Here is a little preface to this blog, my life, my experience, my world, and why I am even spending time at 11:21pm to write this blog. In 2006 at a summer camp, I felt the Lord impressing upon my heart to be a missionary. I didn't know where, or how, or even why, but what I did know was that I was going to do whatever He wanted. So four missions trips, a passport mishap, an undeniable love for children, and 8000 dollars later, here I am, finally going to where I believe, I have been called. 


What's cool about this trip is that I get to work with the coolest family ever! Their names are John and Korie    Taylor and their two sweet daughters. I met Korie on a whim one day, while she was in the states. We met and just talked about life, my desires, and questions I had.

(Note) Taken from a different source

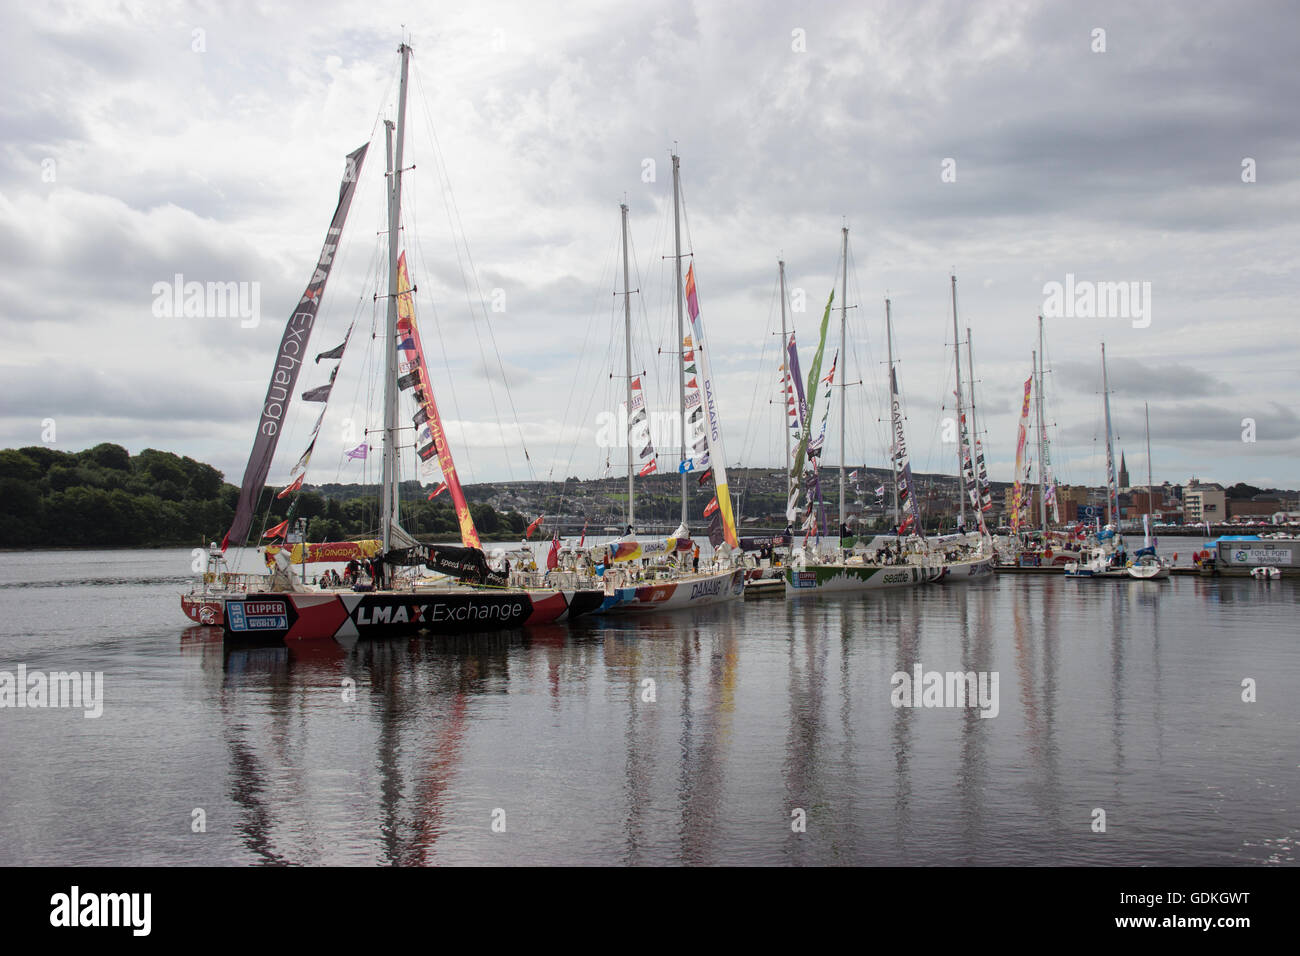 Clipper round the world yacht race dans la région de Derry. Banque D'Images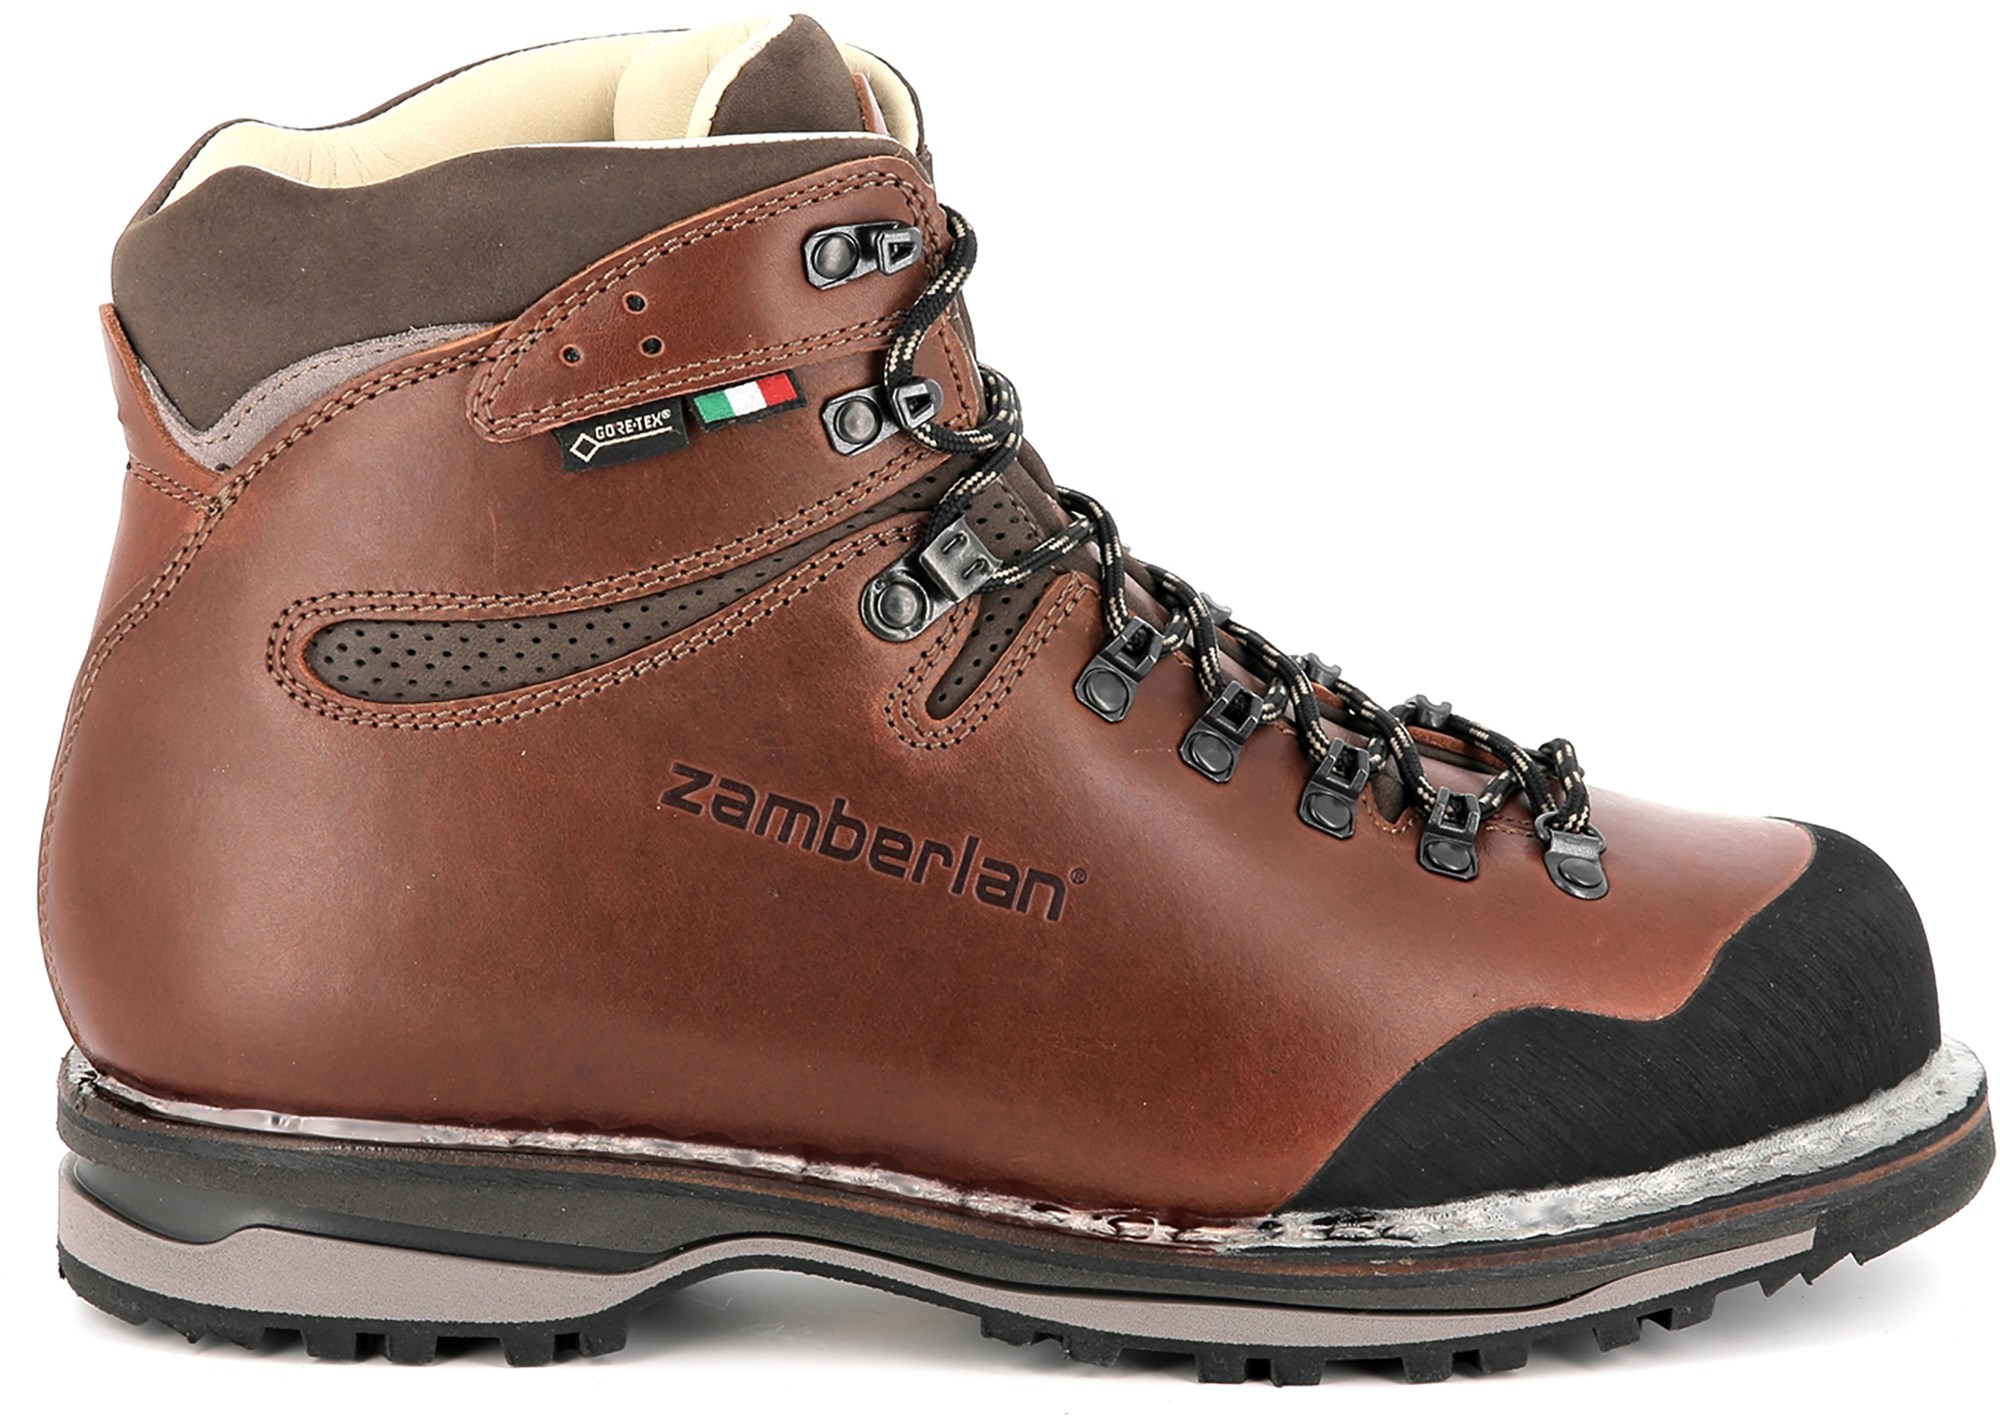 Походные ботинки Tofane NW GTX RR — мужские Zamberlan, коричневый

Who would have thought that a little over a year later, I would be planning such an extravagant trip to go and work with her and her family in Indonesia....well I did. Since then we've been planning dates, costs, events, tickets, the requirements for internship class, what to wear, what to expect, you name it, we've covered it. And now, I have a ticket, a passport and not even enough money to get me half way there, but if there is one thing I know that God has never failed me in or let me forget, is that HE WILL ALWAYS PROVIDE : ) Glory. 


I would like to pause and say, if you received a support letter from me and have been praying or sent me money, thank you so much. Thank you for believing in me. Thank you for trusting me. And thank you for trusting God. He has His plan in mind, and I am simply His instrument. That doesn't even justify how grateful I truly am because I would not even be going if it weren't for your prayers and support. 


Honestly I don't know how I will feel, I'm not scared though. I just know that God wouldn't bring me to this place unless He thought I was ready.